Après le départ des policiers, j'ai continué à voir les patients présents dans la salle d'attente jusqu'à environ 4h du matin. Quand je suis rentré chez moi, je me suis endormi jusqu'au lendemain soir. Je n'ai pas repris les consultations au cabinet. La police me l'a déconseillé. Ils doivent revenir pour faire des prélèvements et des photos. J'ai vu quelques patients en consultation à mon domicile.

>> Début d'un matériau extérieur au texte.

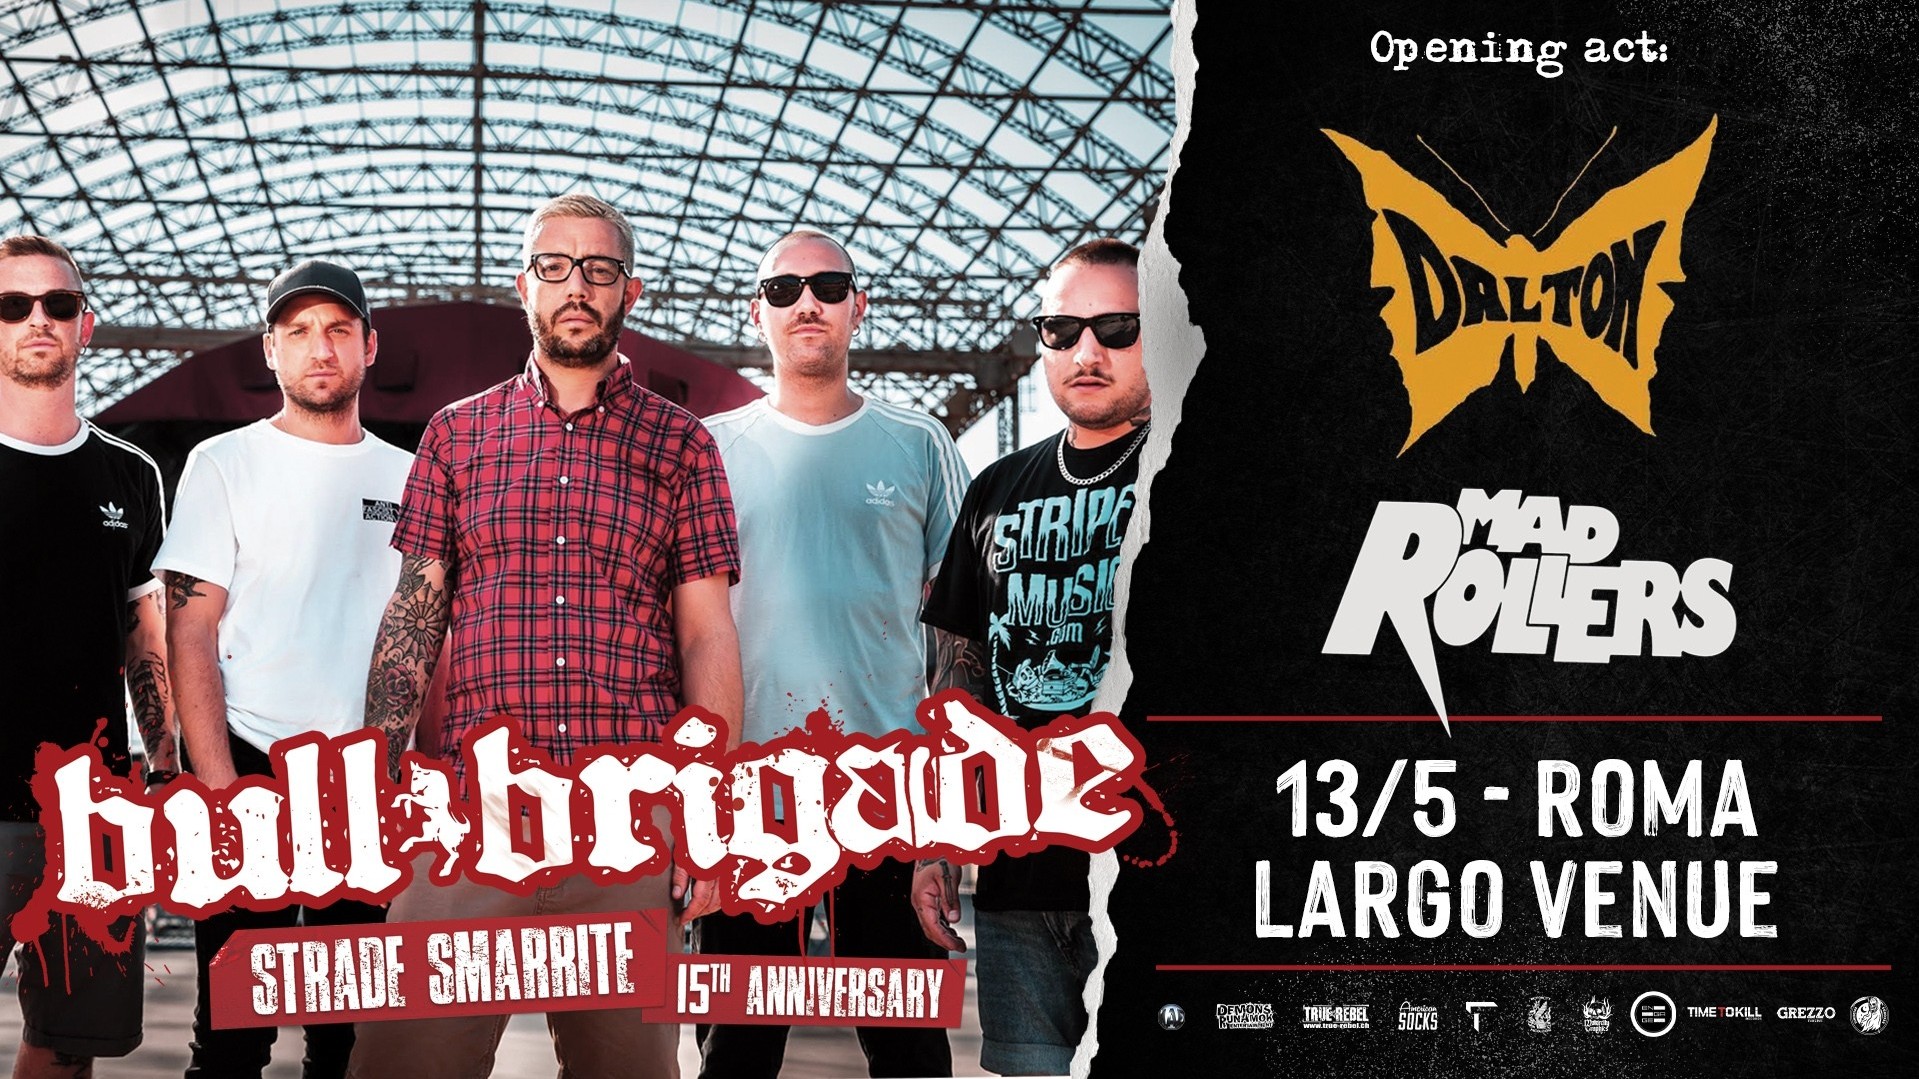 Bull Brigade "Strade Smarrite" Tour + Dalton + Mad Rollers

Les mères de famille par exemple. Je ne sais pas encore comment envisager l'avenir. Je représente un danger pour le centre médical. Je pense que je vais devoir changer d'adresse. Les patients ont peur. Sinon il faudrait que j'emploie des vigiles, mais pas n'importe lesquels. Il faudrait des gens de la mafia. Je suis encore très fatigué. Mon corps ne suit plus. Je fais sûrement une dépression réactionnelle. Si je réussis à refaire de la médecine, cela veut dire que j'aurais gagné. Plus je reste en arrêt maladie, plus ils gagnent."